The lines to copy are those holding the string "collega" in the entries below.

# Saved data entries:
____
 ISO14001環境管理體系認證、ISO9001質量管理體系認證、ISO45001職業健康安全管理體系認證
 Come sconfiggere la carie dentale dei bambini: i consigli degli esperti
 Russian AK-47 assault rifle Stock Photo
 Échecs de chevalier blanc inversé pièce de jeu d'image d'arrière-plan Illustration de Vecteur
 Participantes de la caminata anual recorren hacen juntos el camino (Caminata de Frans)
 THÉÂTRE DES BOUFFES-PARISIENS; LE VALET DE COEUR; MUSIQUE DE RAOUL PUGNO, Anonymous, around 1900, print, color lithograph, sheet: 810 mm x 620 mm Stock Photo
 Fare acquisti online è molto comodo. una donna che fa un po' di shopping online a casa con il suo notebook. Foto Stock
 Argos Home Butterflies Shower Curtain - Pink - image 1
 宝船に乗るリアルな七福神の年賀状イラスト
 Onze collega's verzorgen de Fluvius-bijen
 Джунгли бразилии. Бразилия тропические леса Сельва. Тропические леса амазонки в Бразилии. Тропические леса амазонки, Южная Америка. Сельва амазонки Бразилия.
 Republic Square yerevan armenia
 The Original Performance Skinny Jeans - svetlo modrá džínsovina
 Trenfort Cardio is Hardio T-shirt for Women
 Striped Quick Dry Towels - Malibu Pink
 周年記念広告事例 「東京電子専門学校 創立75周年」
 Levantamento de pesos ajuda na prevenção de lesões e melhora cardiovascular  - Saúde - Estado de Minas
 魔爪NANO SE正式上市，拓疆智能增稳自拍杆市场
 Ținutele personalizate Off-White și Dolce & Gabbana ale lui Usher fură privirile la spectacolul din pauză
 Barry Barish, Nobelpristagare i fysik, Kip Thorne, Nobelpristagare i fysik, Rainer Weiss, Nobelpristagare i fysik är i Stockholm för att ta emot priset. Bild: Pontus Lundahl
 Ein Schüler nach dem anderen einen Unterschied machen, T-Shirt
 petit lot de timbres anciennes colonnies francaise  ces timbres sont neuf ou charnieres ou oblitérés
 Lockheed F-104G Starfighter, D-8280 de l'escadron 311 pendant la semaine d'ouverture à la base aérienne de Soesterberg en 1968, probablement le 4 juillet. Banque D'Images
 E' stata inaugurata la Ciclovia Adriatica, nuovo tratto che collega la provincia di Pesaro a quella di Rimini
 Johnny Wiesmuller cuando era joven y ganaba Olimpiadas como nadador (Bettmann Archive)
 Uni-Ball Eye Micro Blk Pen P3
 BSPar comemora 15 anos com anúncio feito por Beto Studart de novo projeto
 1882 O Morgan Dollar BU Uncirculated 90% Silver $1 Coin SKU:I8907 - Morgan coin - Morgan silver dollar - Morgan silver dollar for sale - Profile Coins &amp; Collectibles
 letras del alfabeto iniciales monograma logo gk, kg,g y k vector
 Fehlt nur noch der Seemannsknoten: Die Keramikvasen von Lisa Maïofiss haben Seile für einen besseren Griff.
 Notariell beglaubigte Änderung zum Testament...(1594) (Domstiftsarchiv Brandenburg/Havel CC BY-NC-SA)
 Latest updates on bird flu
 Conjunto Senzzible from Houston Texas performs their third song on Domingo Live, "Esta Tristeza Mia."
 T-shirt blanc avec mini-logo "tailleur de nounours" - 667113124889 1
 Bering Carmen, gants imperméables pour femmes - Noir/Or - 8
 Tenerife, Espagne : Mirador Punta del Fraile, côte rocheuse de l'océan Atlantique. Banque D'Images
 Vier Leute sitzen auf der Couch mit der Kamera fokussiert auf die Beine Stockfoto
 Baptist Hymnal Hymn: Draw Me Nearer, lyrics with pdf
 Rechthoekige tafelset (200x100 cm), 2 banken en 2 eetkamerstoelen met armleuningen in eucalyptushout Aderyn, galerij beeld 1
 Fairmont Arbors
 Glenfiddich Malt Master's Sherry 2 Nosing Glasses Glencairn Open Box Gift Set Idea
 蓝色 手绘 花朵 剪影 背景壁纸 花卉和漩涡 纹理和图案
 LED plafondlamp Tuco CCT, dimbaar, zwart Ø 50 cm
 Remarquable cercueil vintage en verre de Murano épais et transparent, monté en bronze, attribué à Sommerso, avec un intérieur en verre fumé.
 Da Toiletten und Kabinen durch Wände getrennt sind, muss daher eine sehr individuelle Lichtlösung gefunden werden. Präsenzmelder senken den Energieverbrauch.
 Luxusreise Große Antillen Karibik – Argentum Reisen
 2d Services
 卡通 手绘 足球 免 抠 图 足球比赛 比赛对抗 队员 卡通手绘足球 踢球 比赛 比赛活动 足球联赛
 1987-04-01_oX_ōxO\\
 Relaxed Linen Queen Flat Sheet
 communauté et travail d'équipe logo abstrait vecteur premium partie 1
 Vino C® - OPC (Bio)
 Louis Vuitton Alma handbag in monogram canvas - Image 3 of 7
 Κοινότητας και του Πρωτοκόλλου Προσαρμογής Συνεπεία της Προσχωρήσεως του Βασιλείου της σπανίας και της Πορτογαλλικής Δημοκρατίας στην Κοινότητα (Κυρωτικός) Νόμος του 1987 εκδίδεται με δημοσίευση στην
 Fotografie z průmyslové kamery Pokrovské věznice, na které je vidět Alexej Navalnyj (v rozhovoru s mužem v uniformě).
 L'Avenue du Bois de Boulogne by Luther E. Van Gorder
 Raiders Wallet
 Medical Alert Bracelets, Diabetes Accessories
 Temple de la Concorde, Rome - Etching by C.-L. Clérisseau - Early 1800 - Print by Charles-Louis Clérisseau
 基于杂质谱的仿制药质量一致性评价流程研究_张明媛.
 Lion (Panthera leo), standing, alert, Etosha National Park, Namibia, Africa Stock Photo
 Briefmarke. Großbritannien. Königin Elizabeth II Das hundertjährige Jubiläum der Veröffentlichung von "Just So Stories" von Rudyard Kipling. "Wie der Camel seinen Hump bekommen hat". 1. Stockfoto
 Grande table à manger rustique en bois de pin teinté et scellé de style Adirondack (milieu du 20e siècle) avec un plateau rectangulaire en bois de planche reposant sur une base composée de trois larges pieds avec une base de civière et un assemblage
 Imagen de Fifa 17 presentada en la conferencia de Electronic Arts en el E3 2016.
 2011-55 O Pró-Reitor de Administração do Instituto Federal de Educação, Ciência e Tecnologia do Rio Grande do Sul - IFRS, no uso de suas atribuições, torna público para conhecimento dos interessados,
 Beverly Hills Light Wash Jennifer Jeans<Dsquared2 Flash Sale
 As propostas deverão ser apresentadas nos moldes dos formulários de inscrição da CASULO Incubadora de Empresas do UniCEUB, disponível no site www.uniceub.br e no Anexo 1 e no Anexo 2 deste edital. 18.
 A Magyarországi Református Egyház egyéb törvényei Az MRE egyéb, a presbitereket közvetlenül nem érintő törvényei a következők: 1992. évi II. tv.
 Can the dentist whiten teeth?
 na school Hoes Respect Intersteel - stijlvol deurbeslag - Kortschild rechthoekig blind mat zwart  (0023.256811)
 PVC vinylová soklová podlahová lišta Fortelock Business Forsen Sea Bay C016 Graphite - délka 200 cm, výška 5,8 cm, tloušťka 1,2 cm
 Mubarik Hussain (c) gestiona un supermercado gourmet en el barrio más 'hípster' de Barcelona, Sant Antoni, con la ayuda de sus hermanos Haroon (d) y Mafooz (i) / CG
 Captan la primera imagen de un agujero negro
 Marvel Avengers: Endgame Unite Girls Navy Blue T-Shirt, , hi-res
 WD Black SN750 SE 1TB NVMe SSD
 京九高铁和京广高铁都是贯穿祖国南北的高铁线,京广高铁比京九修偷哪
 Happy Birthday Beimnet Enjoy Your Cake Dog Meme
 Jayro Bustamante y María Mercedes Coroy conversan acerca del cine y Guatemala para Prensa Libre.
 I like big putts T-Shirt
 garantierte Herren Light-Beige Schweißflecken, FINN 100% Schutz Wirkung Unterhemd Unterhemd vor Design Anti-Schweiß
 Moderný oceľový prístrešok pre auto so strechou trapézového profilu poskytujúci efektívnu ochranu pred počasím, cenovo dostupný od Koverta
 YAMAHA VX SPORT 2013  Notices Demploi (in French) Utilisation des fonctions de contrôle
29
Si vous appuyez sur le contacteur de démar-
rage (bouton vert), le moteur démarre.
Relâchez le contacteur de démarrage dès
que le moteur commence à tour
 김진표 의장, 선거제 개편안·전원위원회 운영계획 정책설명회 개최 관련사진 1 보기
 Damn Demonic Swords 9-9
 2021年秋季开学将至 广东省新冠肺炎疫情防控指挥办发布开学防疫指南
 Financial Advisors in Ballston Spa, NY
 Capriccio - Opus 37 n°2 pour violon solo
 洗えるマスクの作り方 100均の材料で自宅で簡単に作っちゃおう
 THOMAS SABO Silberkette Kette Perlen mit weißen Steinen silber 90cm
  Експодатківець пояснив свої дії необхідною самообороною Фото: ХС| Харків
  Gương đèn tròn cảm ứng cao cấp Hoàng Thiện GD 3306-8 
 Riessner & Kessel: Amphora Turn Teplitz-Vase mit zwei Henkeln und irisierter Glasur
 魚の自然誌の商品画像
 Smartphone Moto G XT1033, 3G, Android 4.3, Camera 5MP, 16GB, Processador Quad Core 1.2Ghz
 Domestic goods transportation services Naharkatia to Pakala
____
# WRITTEN ANSWER:
 Onze collega's verzorgen de Fluvius-bijen
 E' stata inaugurata la Ciclovia Adriatica, nuovo tratto che collega la provincia di Pesaro a quella di Rimini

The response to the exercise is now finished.